Entscheidungsstichwort (Thema)
Vollstreckung einer Geldsanktion
Leitsatz (amtlich)
1. Die gerichtliche Entscheidung nach § 87h IRG ist ebenso zu begründen wie ein strafgerichtliches Urteil.
2. Wird dem Betroffenen im - schriftlichen - ausländischen Verfahren rechtliches Gehör nicht gewährt, steht § 87b Abs. 3 Nr. 3 IRG der Vollstreckung einer Geldsanktion entgegen. Beruft sich der Betroffene darauf, vor dem Bewilligungsverfahren keine Kenntnis von dem gegen ihn gerichteten ausländischen Verfahren gehabt zu haben, kann das Gericht die Frage der tatsächlichen Gewährung rechtlichen Gehörs auch dann nicht offen lassen, wenn das ausländische Verfahrensrecht eine Zustellfiktion vorsieht.

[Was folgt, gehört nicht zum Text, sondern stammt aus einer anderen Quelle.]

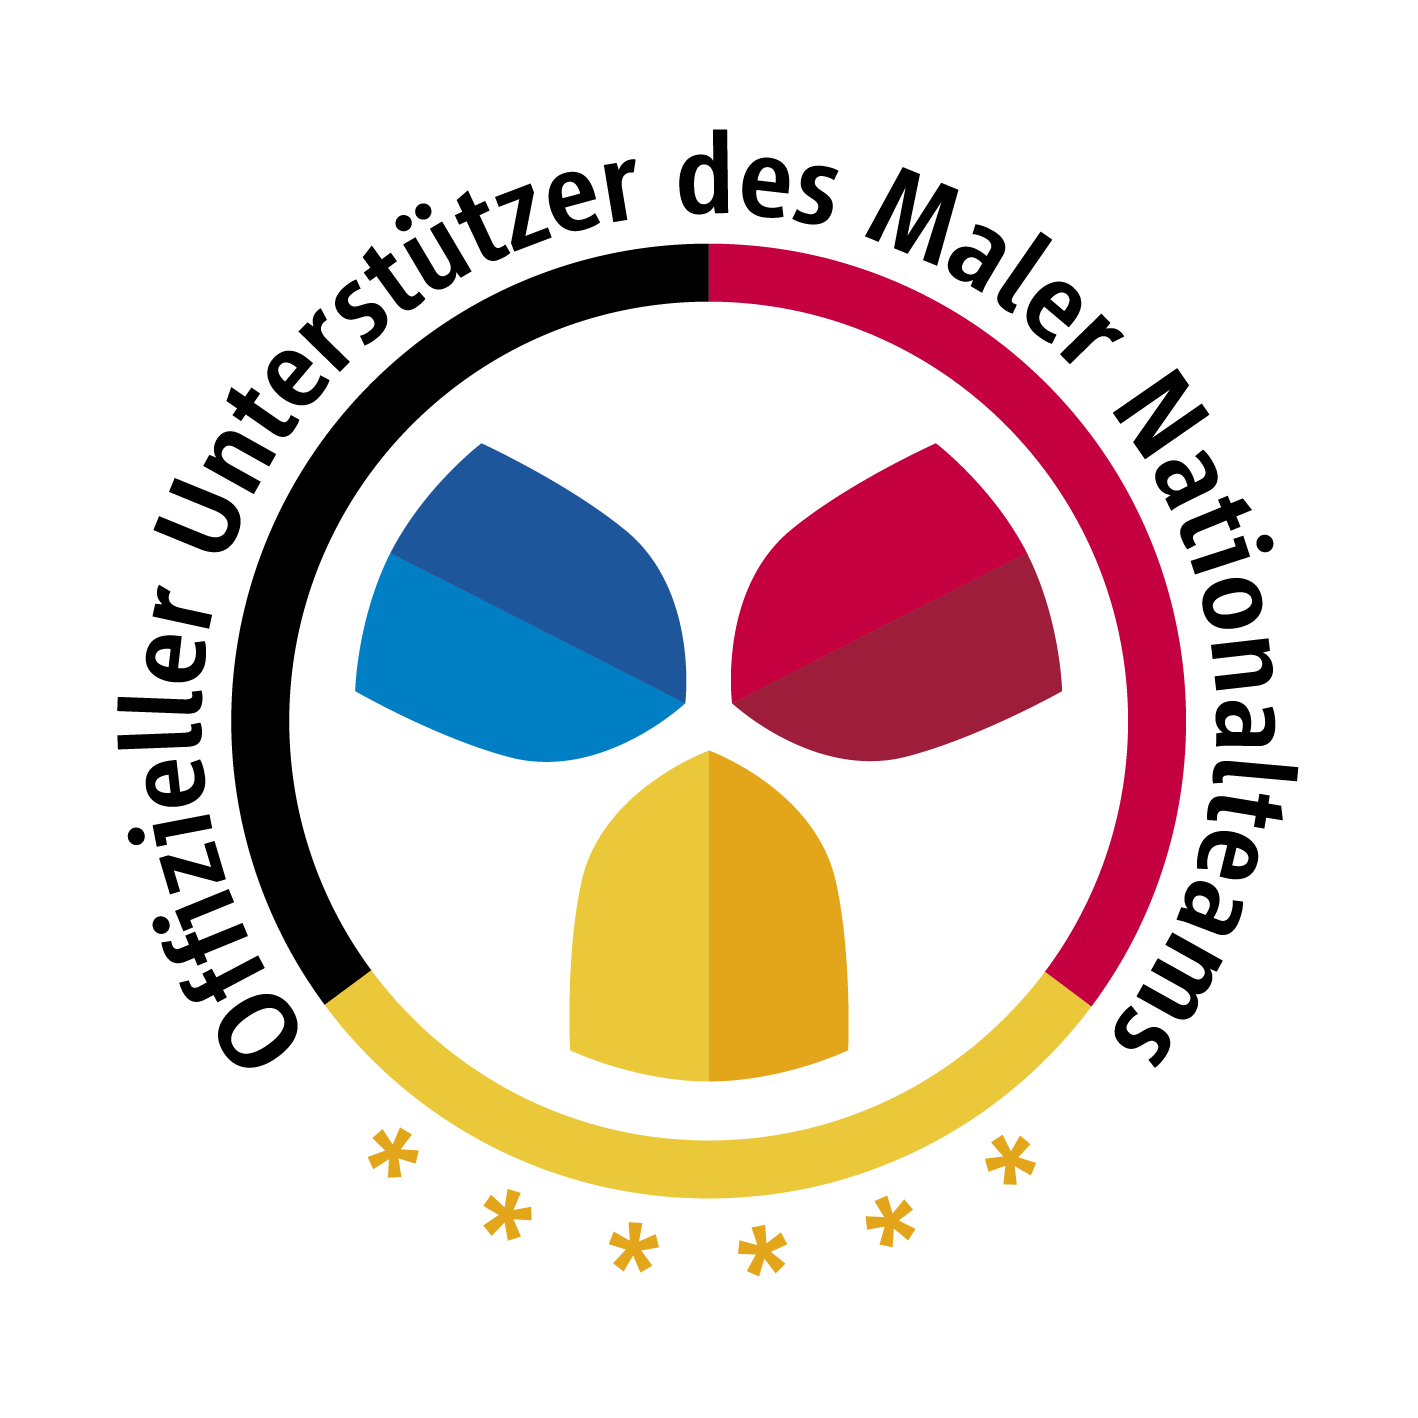 Hier wird das Logo des Malernationalteams gezeigt

3. Der ersuchende Staat hat die Gewährung rechtlichen Gehörs darzulegen und zu beweisen. Gelangen mehrfach mit einfacher Post übersandte Unterlagen nicht in Rücklauf, kann dies ein tragfähiges Indiz sein.
Normenkette
IRG § 87b Abs. 3 Nr. 3, §§ 87j, 87h; EU-RhÜbk Art. 5; RB Geld Art. 4, 7 Abs. 2 Buchst. g, i
Verfahrensgang
AG Speyer (Entscheidung vom 20.10.2015; Aktenzeichen 8 AR 12/15) |
Tenor
- Auf die Rechtsbeschwerde des Betroffenen wird der Beschluss des Amtsgerichts Speyer vom 20. Oktober 2015 aufgehoben.
- Die Sache wird zur neuen Entscheidung, auch über die Kosten des Rechtsbeschwerdeverfahrens, an das Amtsgericht Speyer zurückverwiesen.
Gründe
Mit Bescheid vom 29. Juli 2014 hat die Bewilligungsbehörde die Entscheidung des Centraal Justitieel Incassobureau der Niederlande (CJIB) vom 23. Mai 2013, mit welcher gegen den Betroffenen eine Geldsanktion von 115 € verhängt worden war, für vollstreckbar erklärt. Das Amtsgericht Speyer hat mit dem angefochtenen Beschluss den Einspruch des Betroffenen gegen diesen Bescheid als unbegründet verworfen.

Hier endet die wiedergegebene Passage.